Common Errors and Warnings

This page lists common error and warning messages that you might find in Cribl Stream’s internal logs and/or UI. It includes recommendations for resolving the errors/warnings. Messages are grouped by component (Sources, Destinations, etc.). Note that:

  • We’ve excerpted only the salient part of the error message from each event. We haven’t listed full events.

  • Examples don’t preserve case sensitivity from the original events.

  • NodeJS serves as the Cribl Stream backend and has a large collection of well documented errors of its own. Some of system-level are listed below with the appropriate action to take. The remainder are documented at https://nodejs.org/docs/latest-v14.x/api/errors.html#errors_node_js_error_codes, specifically in the Common system errors section of that page.

  • Where events are written to log files, they might reside in different logs variously devoted to data processing, cluster communication, or the REST API. (For details, see Types of Logs.) We note the log type where necessary.

Web UI

Where: In Cribl Stream’s UI.

Error: Duplicate GUID

When you deploy and first run Cribl Stream software, it generates a GUID (globally unique identifier) and stores it in a .dat file located in CRIBL_HOME/bin/. For example:

# cat CRIBL_HOME/bin/676f6174733432.dat

{"it":1570724418,"phf":0,"guid":"48f7b21a-0c03-45e0-a699-01e0b7a1e061"}

When deploying Cribl Stream as part of a host image or VM, be sure to remove this file, so that you don’t end up with duplicate GUIDs.
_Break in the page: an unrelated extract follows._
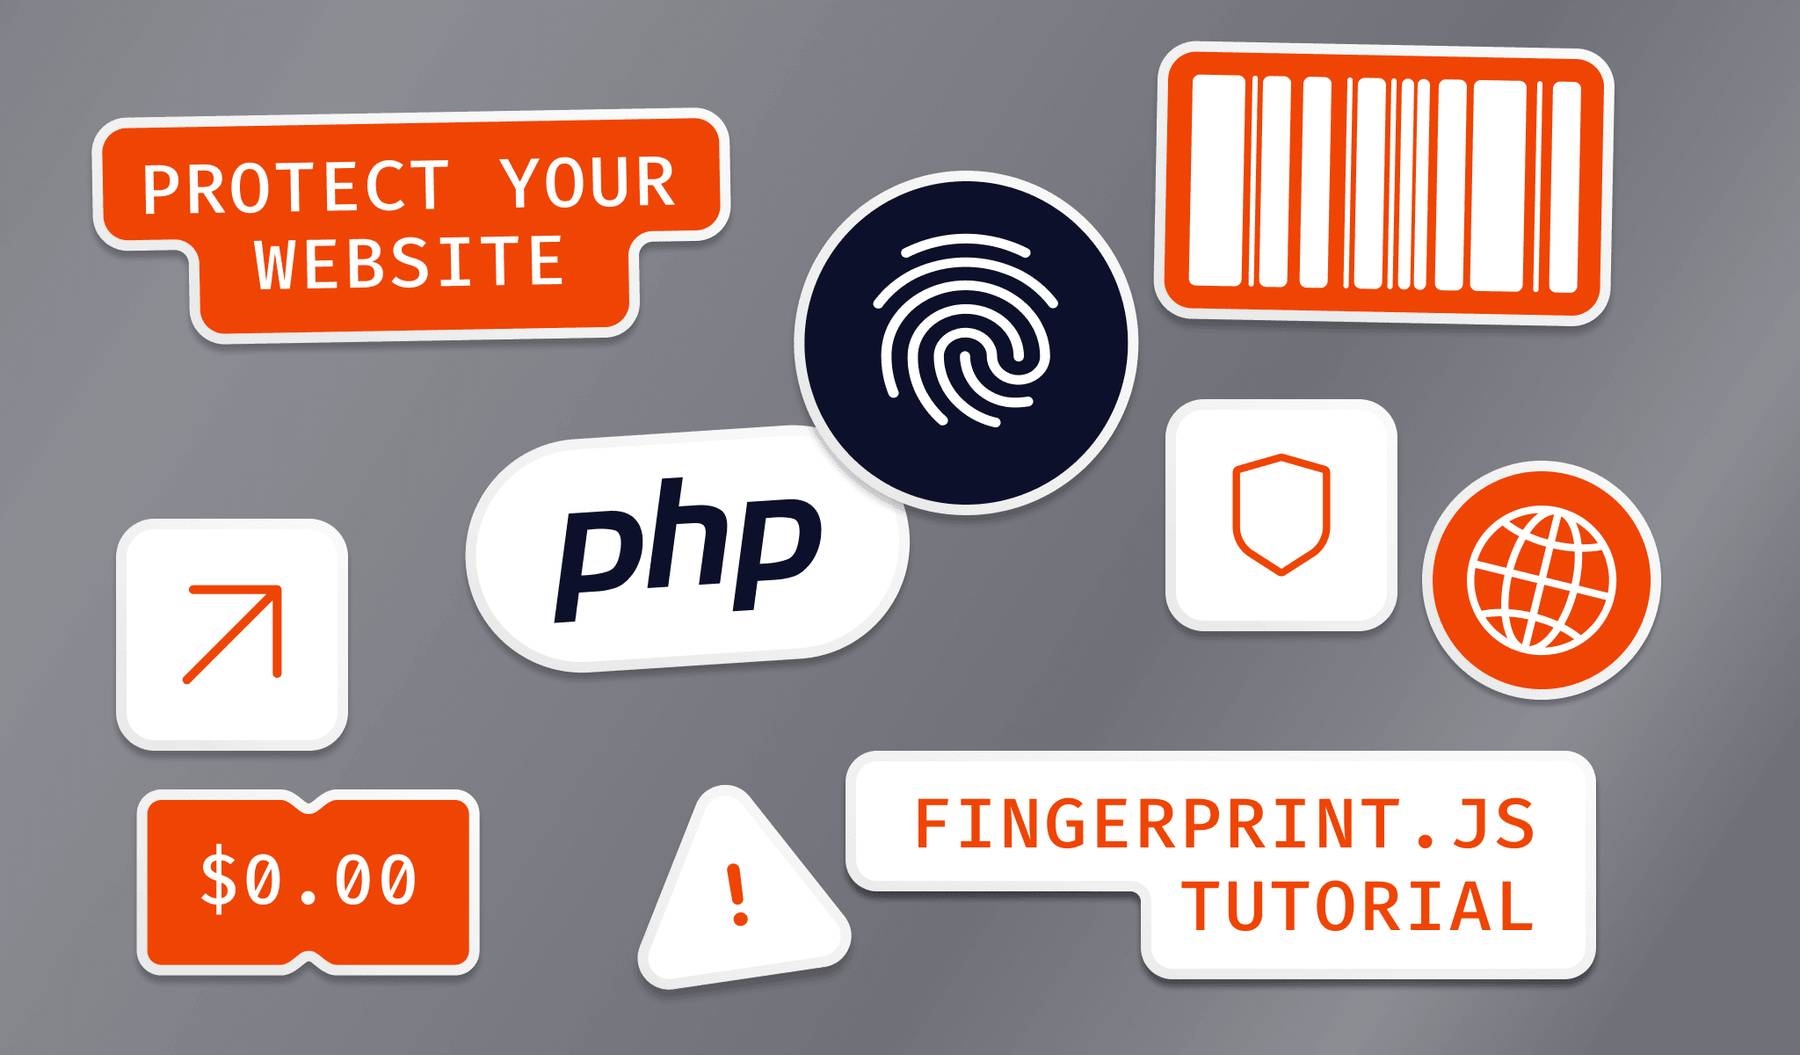 Browser fingerprinting in PHP

The file will regenerate on the next run.

Error: “Failed to fetch”

Cause: This occurs only when accessing Data > Collectors. It can occur with ad blockers, and occurs with the Brave browser (because the newly loaded page’s URL includes the string collector).

Recommendation: If you have an ad blocker, allowlist the https://<hostname>:9000/jobs/collectors (single-instance) URL or the https://<masternode>:9000/m/<group_name>/jobs/collectors (Leader) URL.

Error: “No workers registered”

Cause: Occurs during a live data capture, when there are no Workers available to fulfill the capture request. This error can be triggered if you attempt to capture events too quickly following a commit & deploy.

Recommendation: There are two things you can try:

  • If you recently committed and deployed changes, wait 30 seconds and retry the live capture.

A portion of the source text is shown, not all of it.